Retrieving chemical and structural properties of nanomaterials through synchrotron x-ray diffraction techniques

Abstract

This thesis presents a study about crystalline semiconductor nanostructures using x-ray diffraction techniques, mainly resonant (anomalous) x-ray diffraction, in order to determine structural and chemical properties of these structures. Our first experimental result is a study about In(Mn)As islands grown under controlled Mn flux on the top of GaAs(001) substrates. Adding distinct amounts of Mn on the growth process makes the In(Mn)As islands allocate the metallic atoms in different sites, which can be substitutional or interstitial. Performing x-ray diffraction measurements on these nanostructures, using photons with energy near the Mn-K absorption edge, it is possible to verify quantitatively their chemical concentration, and also which site is being occupied. Each possible site has its own signature on different reflections and, with the right choice of reflections, one can determine, unambiguously, the percentage of occupied sites.

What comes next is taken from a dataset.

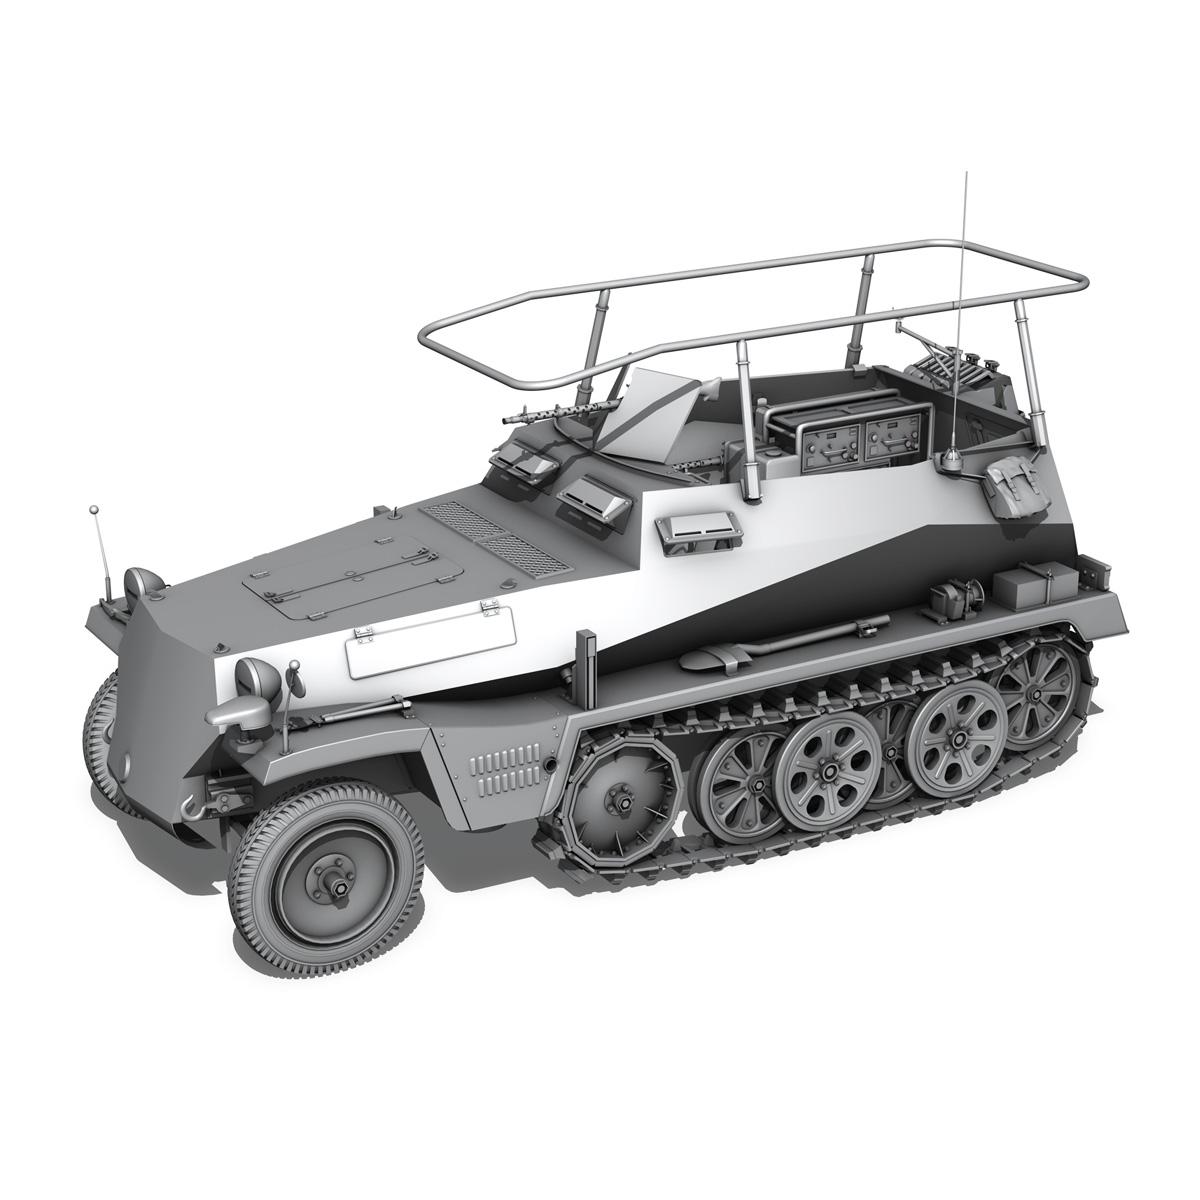 sdkfz 250 – command halftrack 3d model 3ds fbx c4d lwo obj 251670

The second study applies resonant x-ray diffraction on nanostructures of Ge grown on Si (substrate) with different miscut angles with respect to the (001) direction. It is well known from the literature that Ge can grown on Si as domes or superdomes, depending on the amount of Ge content. It is also known that a miscut angle can affect the growth dynamics, as it changes the internal composition of the structures. The quantitative study of the domes/superdomes composition carried out there connects its chemical properties with the effects observed by x-ray diffraction due to the miscut. Finally, we also present a study of InGaAs islands on top of an ultrathin GaAs(001) membrane. Nano-focused x-ray diffraction measurements allows the determination of the strain status on isolated islands, helping to understand the structural changes on the membrane after releasing it from the substrate where it was originally grown.